$f_n\to f$ then $\phi(x)=Ce^x$? 
Let $f(x)\in C_\infty(\mathbb{R})$ and a succession of derivatives $f^{(n)}(x)$ converges in $C_{[a,b]}$ to a function $\phi(x)$ in each finite interval. Show that $\phi(x)=Ce^x$, where $C$ is a constant.

I know that $Ce^x\in C_{\infty}$ but I cannot prove  $\phi(x)=Ce^x$. I think the $\max|f_n-f|=\max|{Ce^x-Ce^x}|=0 $ for $n>N\in\mathbb{N}$. And I know that $Ce^x\in C_[a,b]$, once it is continuous on the $\mathbb{R}$.
Question:
1) How do I prove $\phi(x)=Ce^x$? And not for example $\sin (x)$? 
2) What is intended on this question?
 A: Let $x\in \mathbb{R}$. We know that $f^{(n)}\to \phi$ uniformly on $[0,x]$. Thus $\phi$ is continuous on $[0,x]$, and
$$\lim_{n\to \infty}\int_0^xf^{(n)}(t)dt= \int_0^x\phi(t)dt $$
where swapping integral and limit is allowed by uniform convergence on a compact domain. On the other hand, by fundamental theorem of calculus,
$$\lim_{n\to \infty} \int_0^xf^{(n)}(t)dt=\lim_{n\to \infty}\left[ f^{(n-1)}(x)-f^{(n-1)}(0)\right] =\phi(x)-\phi(0)$$
Hence
$$\int_0^x \phi(t)dt=\phi(x)-\phi(0) $$
where $\phi:\mathbb{R}\to \mathbb{R}$ is a continuous function. Now you just need to solve the above equation for $\phi$.
A: Recall this theorem:

Let $I = [a,b]$ and $f_n : I \to \mathbb{R}$ a sequence of differentiable functions such that the sequence of derivatives $(f_n')_n$ converges uniformly to a function $g : I \to \mathbb{R}$. Also $\exists x_0 \in I$ such that the sequence $(f_n(x_0))_n$ converges.

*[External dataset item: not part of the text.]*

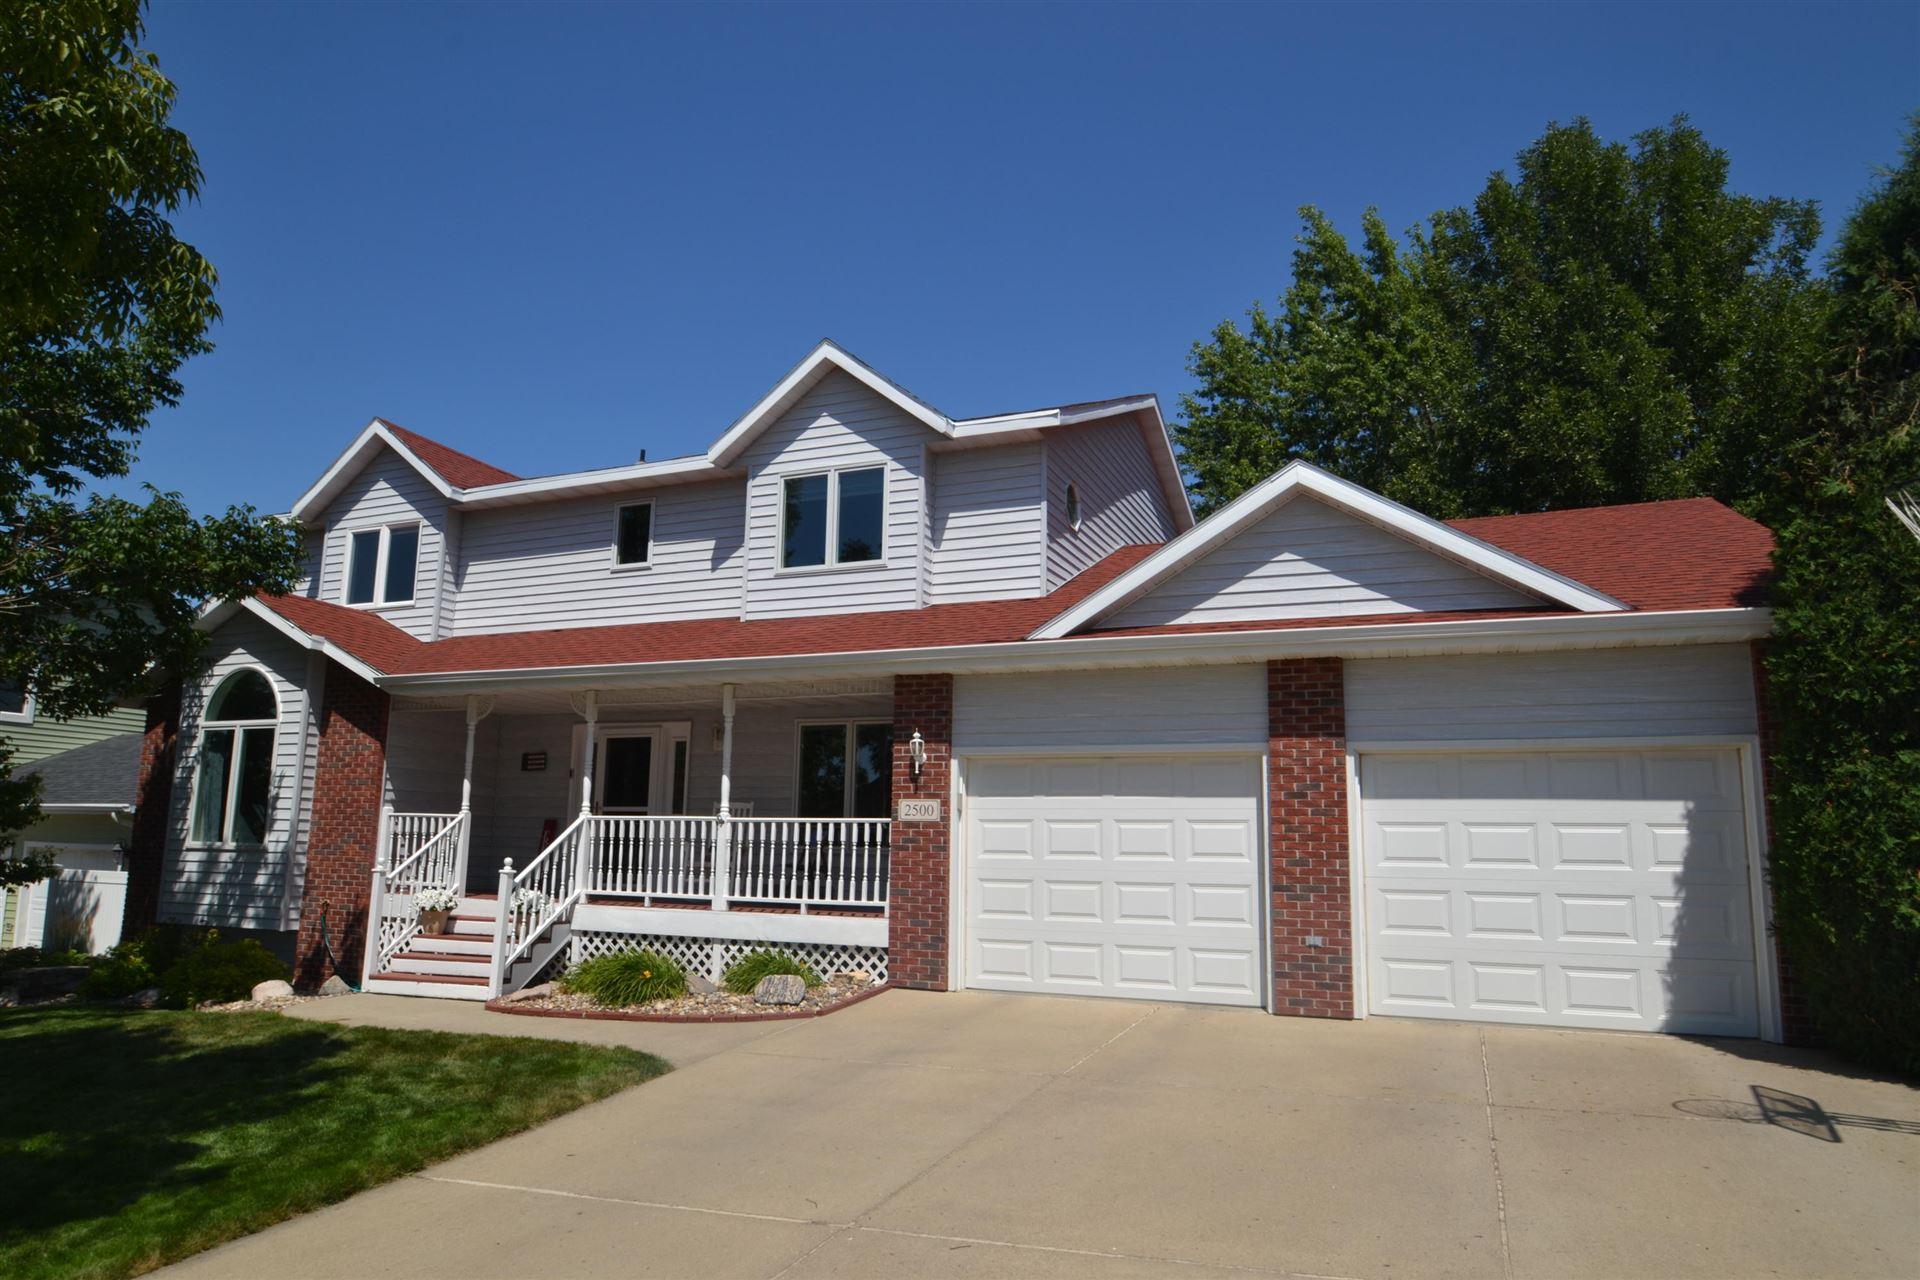 2500 Coolidge Avenue, Bismarck, ND 58501 - #: 407927

Then $(f_n)_n$ converges uniformly to a differentiable function $f : I \to \mathbb{R}$ with $f' = g$.

This theorem can be extended for functions $f_n : \mathbb{R} \to \mathbb{R}$ by restricting the domain to $[-R, R]$, say. We only lose the uniform convergence of $(f_n)_n$ to $f$ on $\mathbb{R}$, but pointwise convergence remains.
Since $f_n' \to \phi$ and  $f_n \to \phi$ uniformly, we conclude that $(f_n)_n$ converges pointwise to a differentiable function $\psi$ such that $\psi' = \phi$. But we already know that $f_n \to \phi$ uniformly so necessarily $\psi = \phi$.
Therefore
$$\phi' = \phi$$
and the only functions satisfying this are $\phi(x) = Ce^x$.

Additional details:
The assumptions from the exercise imply that $f_n \to \phi$ and $f_n' \to \phi$ in $C^\infty(\mathbb{R})$, that means uniform convergence over $\mathbb{R}$. Then in particular for any $R>0$ we have $f_n|_{[-R, R]} \to \phi|_{[-R, R]}$ and $f_n'|_{[-R, R]} \to \phi|_{[-R, R]}$  uniformly on $[-R, R]$. In particular there exists $x_0 \in [-R, R]$ such that $f_n|_{[-R, R]}(x_0) \to \phi|_{[-R, R]}(x_0)$. The theorem implies that there exists a differentiable function $\psi : [-R, R] \to \mathbb{R}$ such that $f_n|_{[-R, R]}(x_0) \to \psi$ uniformly and $\psi' = \phi|_{[-R, R]}$. But already $f_n|_{[-R, R]} \to \phi|_{[-R, R]}$ uniformly so $\psi = \phi|_{[-R, R]}$. Hence we conclude $\phi'|_{[-R, R]} = \psi' = \phi|_{[-R, R]}$.
Since $R > 0$ was arbitrary, we conclude $\phi' = \phi$. Now this implies $\psi(x) = Ce^x$. See for example here, the simplest argument is differentiating $\phi(x)e^{-x}$:
$$\frac{d}{dx}\phi(x)e^{-x} = \phi'(x)e^{-x} - \phi(x)e^{-x} =\phi(x)e^{-x} - \phi(x)e^{-x} = 0 $$
So $\phi(x)e^{-x} \equiv C$ or $\phi(x) =Ce^{-x}$.